Primary Submission Category: Matching
Asymptotically exact propensity and prognostic score matching, with application to recovery from pandemic-related learning loss in K-12 education
Authors: Ben B. Hansen, Mark Fredrickson, Josh Wasserman,
Presenting Author: Ben Hansen*
Matches made using estimated propensity or prognostic scores are inherently inexact, but with suitable combinations of caliper restrictions make them exact in the asymptotic limit. Such matches lead to directly adjusted causal effect estimates that are consistent, assuming a parametric scoring model and the absence of hidden bias, under the weakest possible overlap condition. Asymptotic exactness is often simultaneously attainable for a propensity and a prognostic score, if not also for multiple specifications of either or both scores. This engenders a multiple robustness for matched, as opposed to inverse-probability weighted, estimation.

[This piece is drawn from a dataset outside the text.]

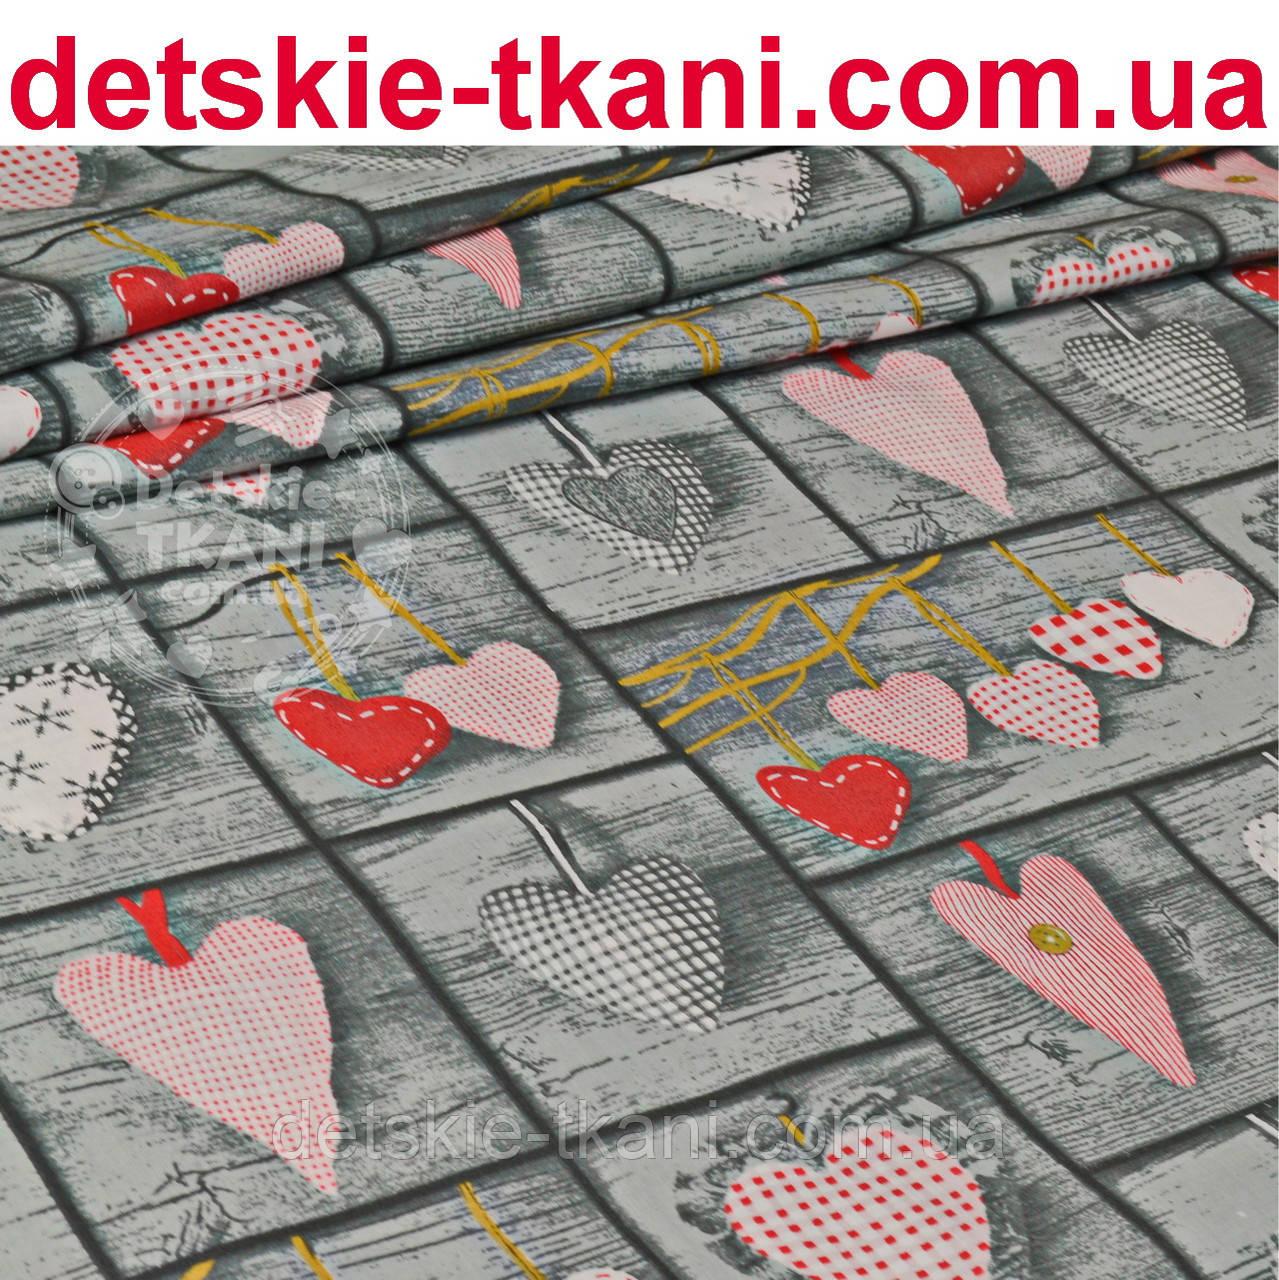 Бязь с сердцами Тильды красного цвета в стиле пэчворк (№110а) - Детские ткани оптом и в розницу в Волынской области

Following a sketch of their supporting theoretical arguments, these points will be illustrated in an observational study of an innovative Texas K-8 public education program. Research on effectivness of this program was selected for federal funding in an Institute for Education Sciences competition aimed at identifying policies to promote recovery from pandemic-related learning loss. Texas happens to have begun program rollout on the eve of the pandemic, and happens to make public sufficient school-level information to make a matched study feasible. While end analysis of the federally funded project will involve protected student data and a number of additional design and analysis elements, the simpler preliminary analysis to be described in this talk centers publicly available data, and asymptotically exact matching.